I am very glad to answer both of my hon. Friend's points. I welcome the fact that he has emphasised that once one is on a machine—nobody will know that better in this House than my hon. Friend — one is unable to help oneself. That is one of the reasons why an attendance allowance should be payable to those at home. The inability to help oneself is common to dialysis both at home and in a hospital.

On my hon. Friend's second point about the effect of the changes that will be introduced by the Social Security Act 1986, I am very happy to make it abundantly clear that they will not affect the way in which attendance allowance is paid. It will most certainly continue to be paid after the changes come into effect, just as it is paid now.

We have commissioned a major study of both the number and the needs of disabled people generally. That study is now being conducted by the Office of Population Censuses and Surveys. We shall be reviewing benefits for the disabled as a whole in the light of that study. We expect the results of the survey to be available in 1988, after which we shall review the whole picture in relation to the disabled. I emphasise that the changes to the 1986 Act will make no difference to the payment of the attendance allowance. I hope that that reassures my hon. Friend.

I have already said that we shall look carefully at the point that has been raised by my hon. Friend the Member for Romsey and Waterside and see whether it would be right to change the regulations. Although I cannot go further than that at the moment by way of a commitment, I can outline some of the positive steps that we shall be taking and some of the relevant aspects that will need to be examined.

The first positive step that we have in mind is that in the near future we propose to send a small team from the Department to the Portsmouth area to study the whole position, in consultation, among others, with Professor Lee. We are sure that that will help us, and we hope that it will help generally. We shall need to ascertain the precise criteria for a self-care unit. We must analyse the distinction between a patient in a self-care unit and an ordinary hospital out-patient. We must ask ourselves how far the absence of supervision by the hospital alters his status.

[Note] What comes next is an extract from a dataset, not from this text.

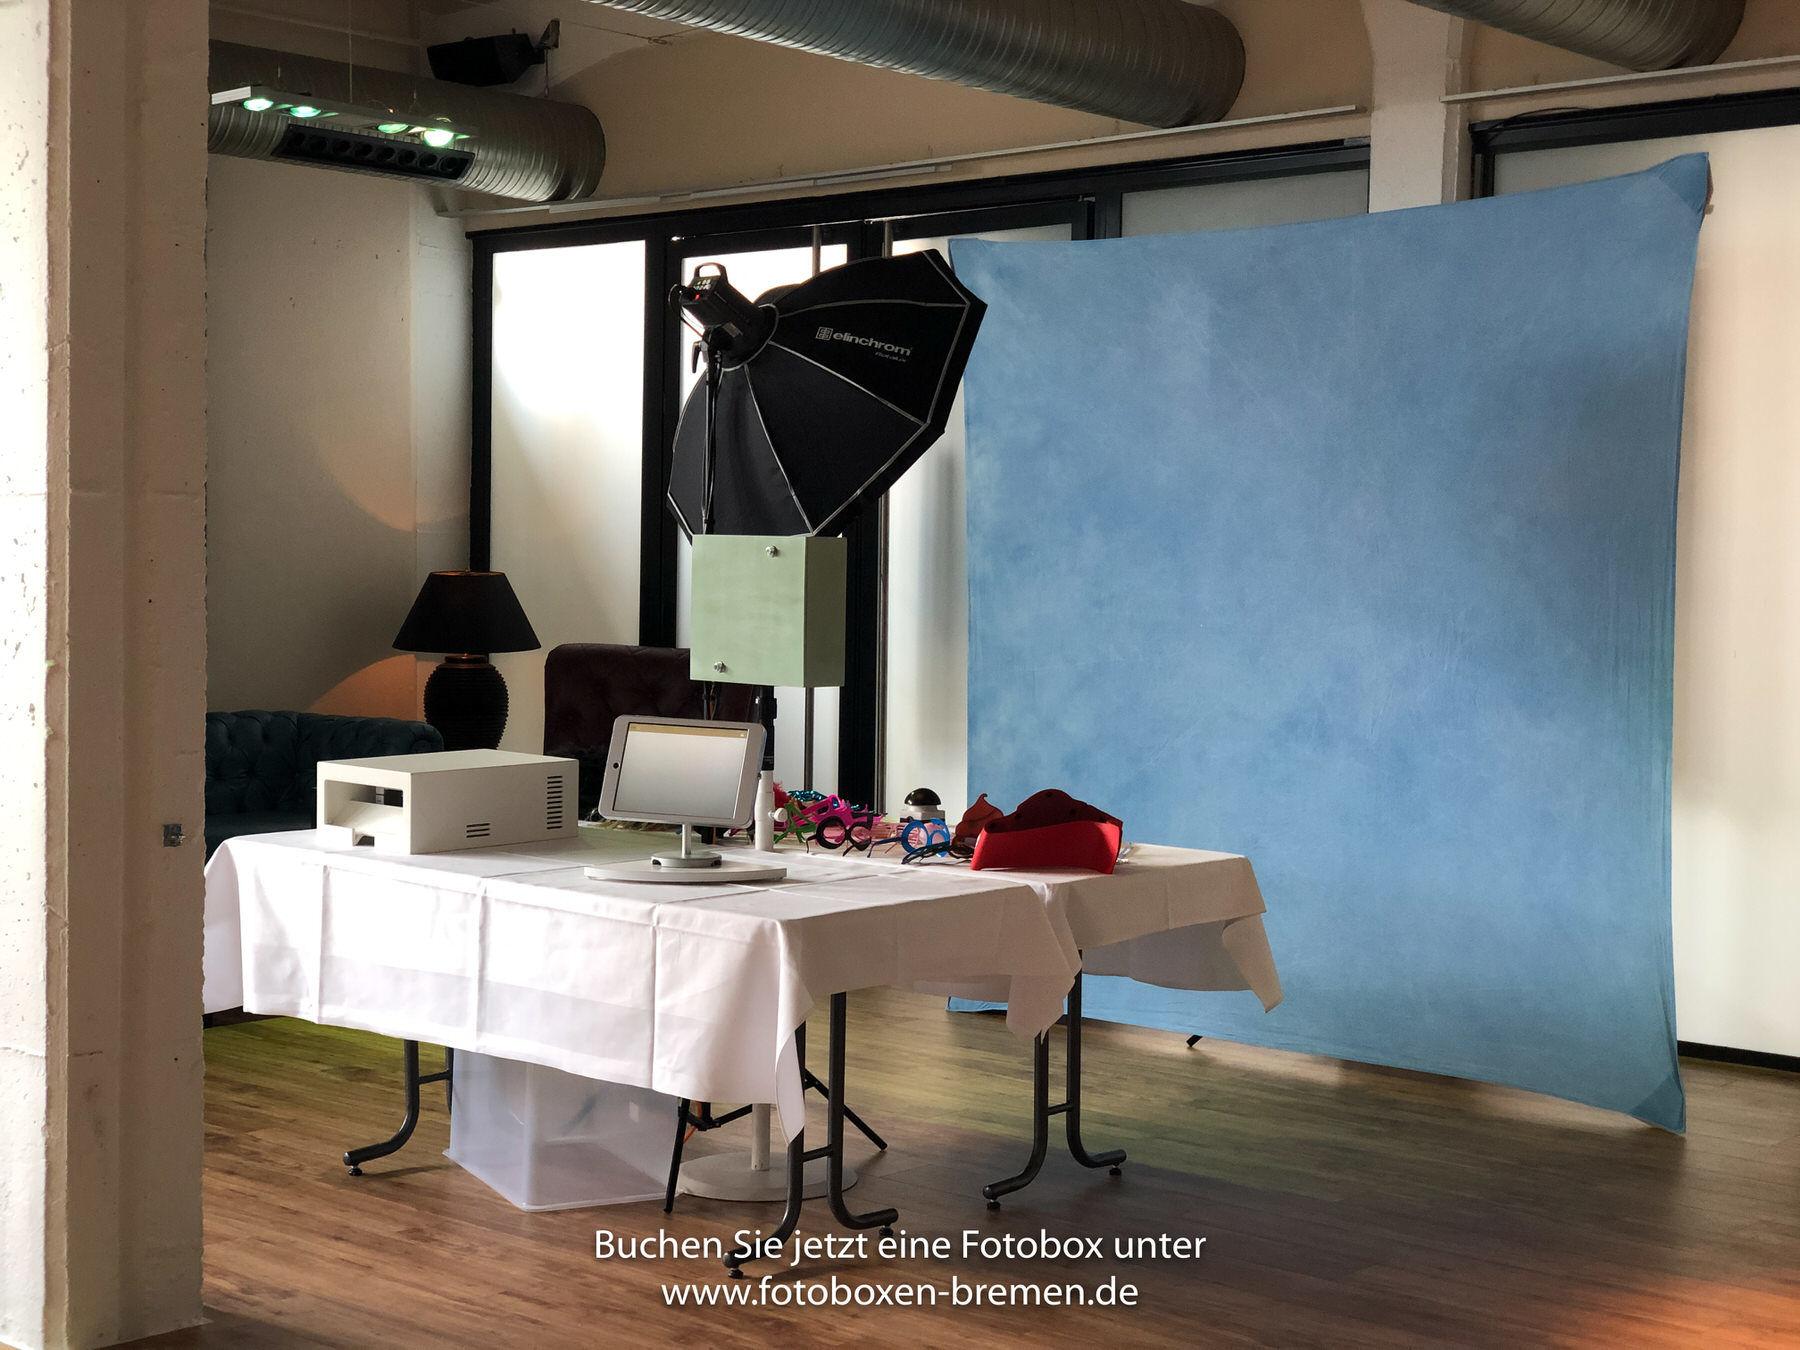 Fotobox bremen mieten 001 - Fotobox Bremen mieten

In that context we need, to some extent, to consider the legal aspects. The federation has expressed some concern about the hospitals' liability or otherwise should an emergency arise and their responsibility for a patient while on the hospital premises. The key question is whether there is a real distinction between the present case and those cases of dialysis in hospital as full out-patients.

At present we are concerned with only two comparatively small units and a third, as I understand it, in preparation. They have established a particular pattern, of which we have heard tonight, but which still concerns only a comparatively few people, important cases in themselves, but showing the way and therefore a way that we must analyse.

However, we must envisage, and we do, that other authorities may develop their own solutions to the problems of matching dialysis patients' needs to the best use of resources. We need to consider our options against a slightly wider background than just this particular case.

We are fully committed to providing attendance allowance to those renal failure patients who need attention at home while dialysing at least twice a week. We shall look carefully at the path which my hon. Friend advocates, but before we commit ourselves to go down it we need to be sure that it is the best solution in everyone's interests and the best use of resources. The position is not yet completely clear cut but we shall press ahead to give the matter our clear and constructive consideration.

Question put and agreed to.

Adjourned accordingly at eleven minutes past Twelve midnight.